19.01.2015 07:27
Quelle: schweizerbauer.ch - rab, gro
Milchmarkt
«Verheerende Auswirkungen»
Mit der Aufhebung des Euro-Mindestkurses sackten diverse Währungen am Donnerstag ab. Stephan Kohler von der Branchenorganisation Milch hat berechnet, welche Auswirkungen dies für die Milchbauern haben könnte.

Überraschend hat die Schweizerische Nationalbank (SNB) am Donnerstag entschieden, den Mindestkurs des Schweizer Frankens zum Euro fallen zu lassen. In der Folge ist der Wert des Frankens unter anderem gegenüber dem Euro und dem US-Dollar um 15 bis 20% gestiegen. «Der massiv stärkere Franken hat unmittelbare Auswirkungen auf den Schweizer Milchmarkt», prognostiziert Stephan Kohler, Geschäftsführer der Branchenorganisation Milch (BOM).

B- und C-Preis dürften deutlich sinken

Berechnungen von Kohler zeigen, dass bei einem Dollarkurs wie gestern von 88 Rp. der B-Milch-Preis gegenüber Dezember (Kurs 1.02 Fr.) um 2,5 Rp. auf 48,8 Rp/kg. sinken würde. «Unter der Annahme, dass 13% der Schweizer Milch im B-Segment eingekauft werden, führt dies zu einer Wertschöpfungs-Vernichtung von rund 11 Mio. Fr.», zeigt Kohler auf.

Noch drastischer wirkt sich die Situation auf den C-Milch-Preis aus. Nebst dem Dollar- hat hier der Eurokurs eine verstärkte Wirkung auf die Preisbildung. Der BOM-Geschäftsführer rechnet damit, dass ein Eurokurs von 1.02 Fr. bzw. ein Dollarkurs von 88 Rp. den C-Milch-Preis um 3,7 Rp. auf 20,1 Rp./kg. reduziert.
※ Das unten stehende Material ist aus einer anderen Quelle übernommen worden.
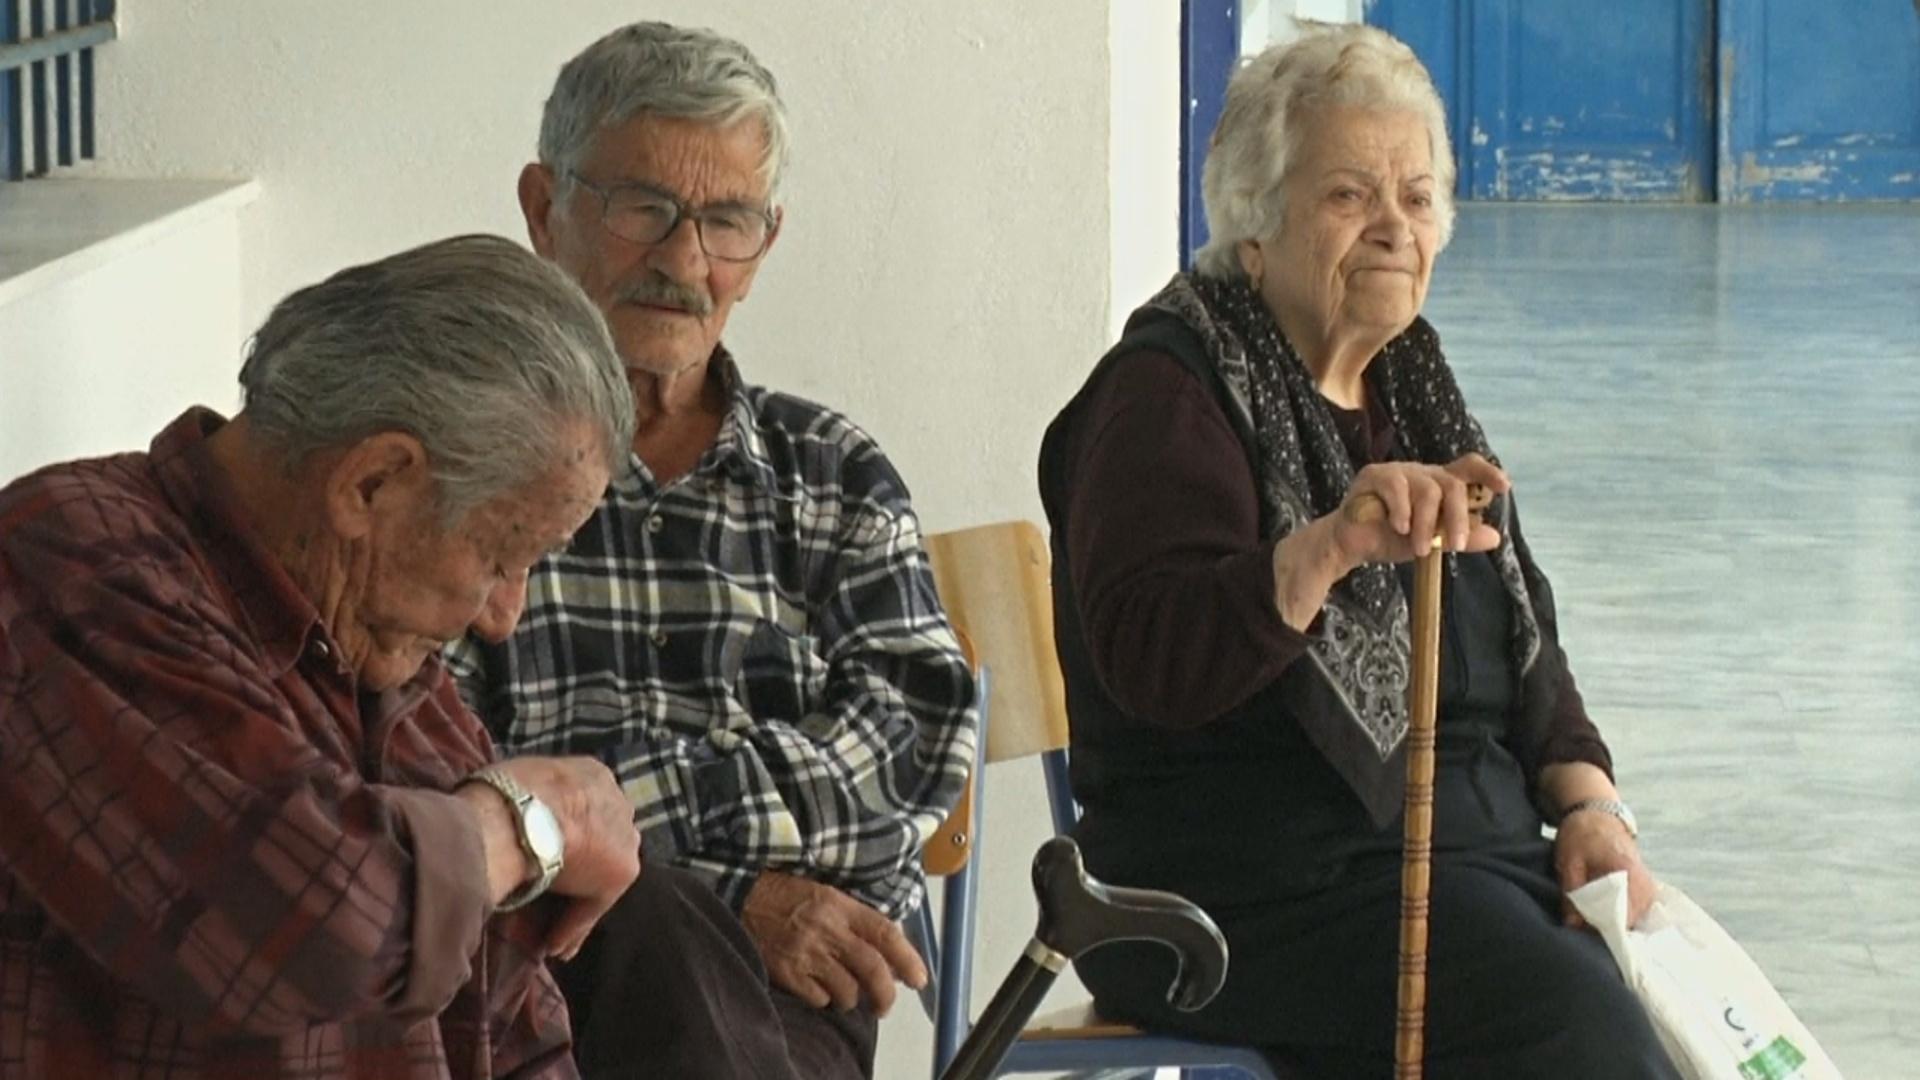 Жители греческих островов, заболев, уповают на Бога и волонтёров

Mehr Mittel für Schoggigesetz

Was die Aufhebung des Mindestkurses für das A-Segment bedeutet, ist für die Branche derzeit schwer einschätzbar. Sicher ist, dass sowohl Importe als auch der Einkaufstourismus für Handel bzw. Konsumenten attraktiver werden. Den Importdruck werden in erster Linie die gewerblichen Käsereien zu spüren bekommen. Für den LTO+-Preis, also für den Mindestpreis für verkäste Milch, geht Kohler bei einem Eurokurs von 1.02 Fr. von einem Preisrückgang von 6,3 Rp. auf 49,8 Rp/kg aus. Für Kohler ist zudem klar, dass die im Rahmen des Schoggigesetzes aufgewendeten Bundesmittel im Umfang von 70 Mio. Fr. jährlich nicht mehr ausreichen werden.  
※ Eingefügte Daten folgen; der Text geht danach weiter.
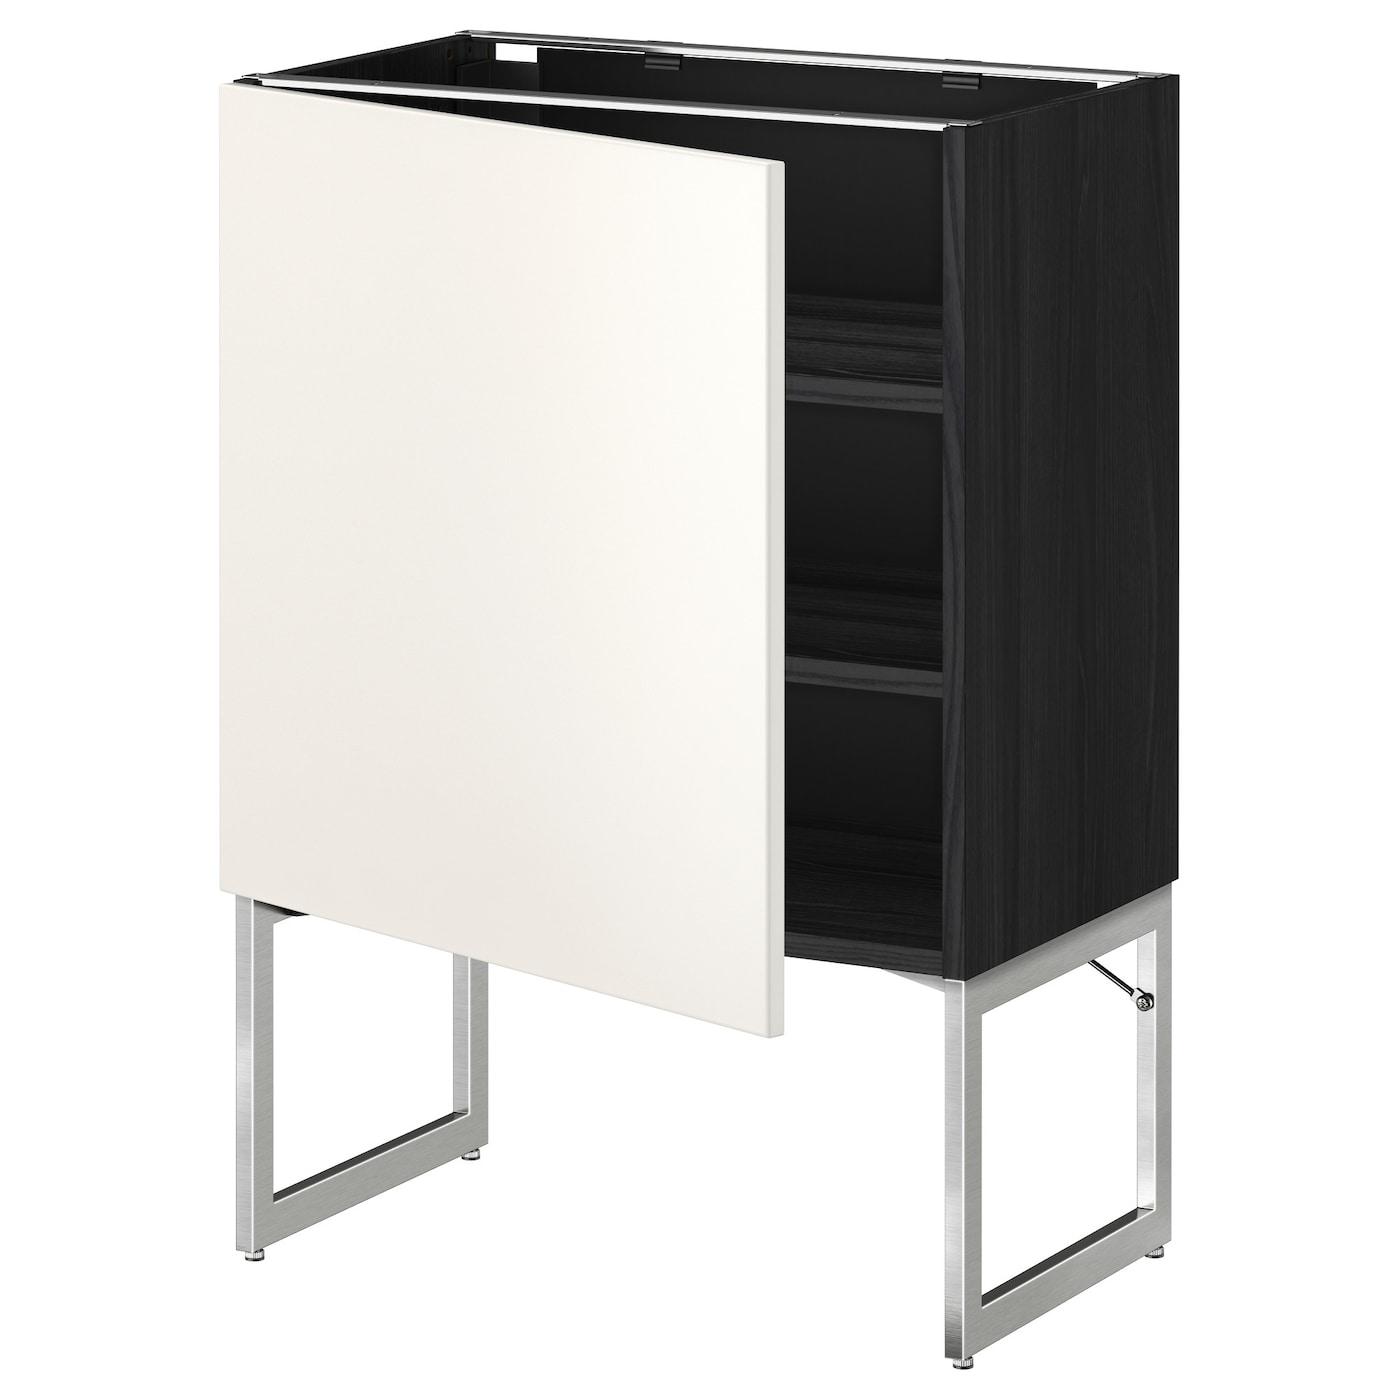 Metod base cabinet with shelves black veddinge white for Black kitchen base cabinets

Ob die Aufhebung des Mindestkurses für die Schweizer Landwirtschaft auch Vorteile punkto Produktionsfaktoren bringt, bleibt abzuwarten. Martin Rufer vom Schweizer Bauernverband sieht diesbezüglich durchaus Potenzial, beispielsweise bei Dünger oder Pflanzenschutzmitteln. «Wo die Landwirtschaft jetzt aber unbedingt aufpassen muss, ist, dass unter dem Deckmantel des Wechselkurses kein ungerechtfertigter Druck auf die Produzentenpreise ausgeübt wird», so Rufer. Die Aufhebung des Mindestkurses dürfte für alle Branchen in der Landwirtschaft mehr oder weniger gravierende Folgen haben.